Recommended by David Hansen

  • Abridged Theatre History For People Who Have A Cursory Interest* | *(please note we have not verified these facts)
    6 Aug. 2021
    Any play that includes “Danse macabre” is a play that gets me, and this play gets me. A brief discussion on the transitive nature of staged drama by two civilians who try kinda hard to understand that, and I recommend it.
  • "Freakin' Ow"
    5 May. 2021
    I feel this. I’m feeling it right now. Thumbs up.
  • Should Old Acquaintance Be Forgot?
    5 May. 2021
    The best dialogue naturally winds it’s way from an impossible first encounter through to a common understanding. This brief piece is a nice reminder of the potential for that understand, when people listen. There’s hope fir us all!
  • Corrections
    4 May. 2021
    This was painful, and true. My infant son was injured under my care (he’s 16 now, I was teaching him to drive tonight) so I felt the devastating pain of the loss at the center of this piece. It’s a devastating but delicate two-hander about regret and the need to carry forward, and I strongly recommend it.
  • CRACKED
    30 Apr. 2021
    In this short play, this six page monologue, Suilebhan presents a lyric and gentle rumination on the nature of existence, bundled into a small, delicate spheroid. A provocative, promised “demonstration” takes the shape of a sermon, through which the egg represents all things, and no thing. It’s a gorgeous piece of surprising depth, and I highly recommend it.

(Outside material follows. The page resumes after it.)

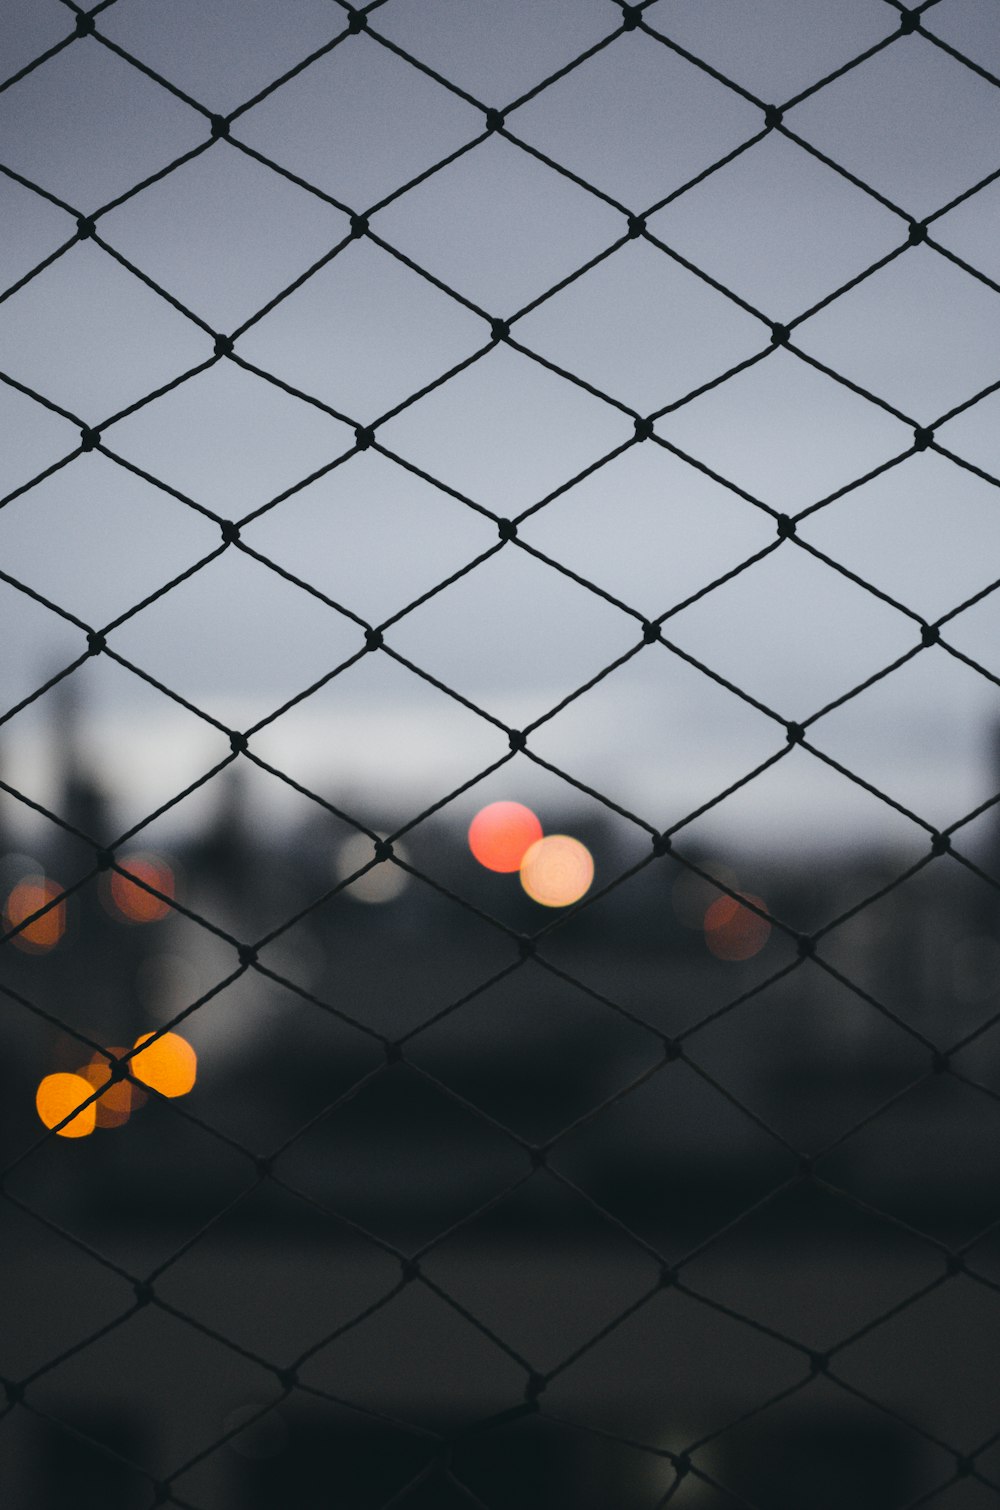 grey metal fence with orange light

  • Alien Motel 29: The Secret Outtakes of the Ebony Lady Macbeth
    29 Apr. 2021
    Alexander’s script takes its inspiration from “the Scottish play” reinterpreting it as a cross-generational Afrofuturist fever dream, in which Top Dollar and Lady Lava aspire to dominance in a poetic fantasy replete with vengeful ghosts, mysterious strangers and sex robots. It's a trip, it's got a funky beat, and I can bug out to it. Highly recommended!
  • Fremont Junior High Is NOT Doing Oklahoma!
    29 Apr. 2021
    (A) Do we produce a problematic yet popular American musical featuring a diverse cast, which may serve to undermine the worser aspects of the work and provide visibility and advantage to BIPOC these performers or (B) create a new, so-called divised play reflecting Gen Z anxiety and concerns which may not actually be good and no one’s going to want to see but at least it’s not fucking Oklahoma? This play is so funny, even Thomson’s stage directions are hilarious. Highly recommended!
  • What Was Lost
    28 Apr. 2021
    McCasland has created a creation myth, about the original production of "The Glass Menagerie", centered on its ageing star, Laurette Taylor, who originated the role of Amanda Wingfield. It is a story of recovery, poetic in its own fashion, as Taylor presents at AA meetings, her stories of personal struggle rival that of Tom, the narrator of the play she is starring in. Williams plays his part as an alcoholic philosopher who inspired his mother figure into sobriety, for her own sake, but really for his, you know? It's fascinating, hopeful, and I highly recommend it.
  • Clyt; or, The Bathtub Play
    26 Apr. 2021
    The playwright playful anachronrizes the tale, it is then, but also now, with phones and media and humorous, contemporary turns of phrase. But it’s comic relief, which serves to make the tragedy, the drama bearable, not to send it up. The protagonist endures such grief, the absence of her husband, the murder of one child, the dismissive behavior of her other children. It's gorgeous and funny and upsetting and wonderful. Highly recommended!
  • The Two Kids That Blow Shit Up
    25 Apr. 2021
    Max and Diana were united when their parents began sleeping together, and over the next thirty years they manage their folks and themselves, two souls entwined in a need for trust, for having one person that they can entirely count on. And that’s hard. It’s a very touching, soul-bearing work that jumps back and forth in time, from childhood to middle years, and all points in between, creating a tapestry of love and dependence. It’s worth it to have someone.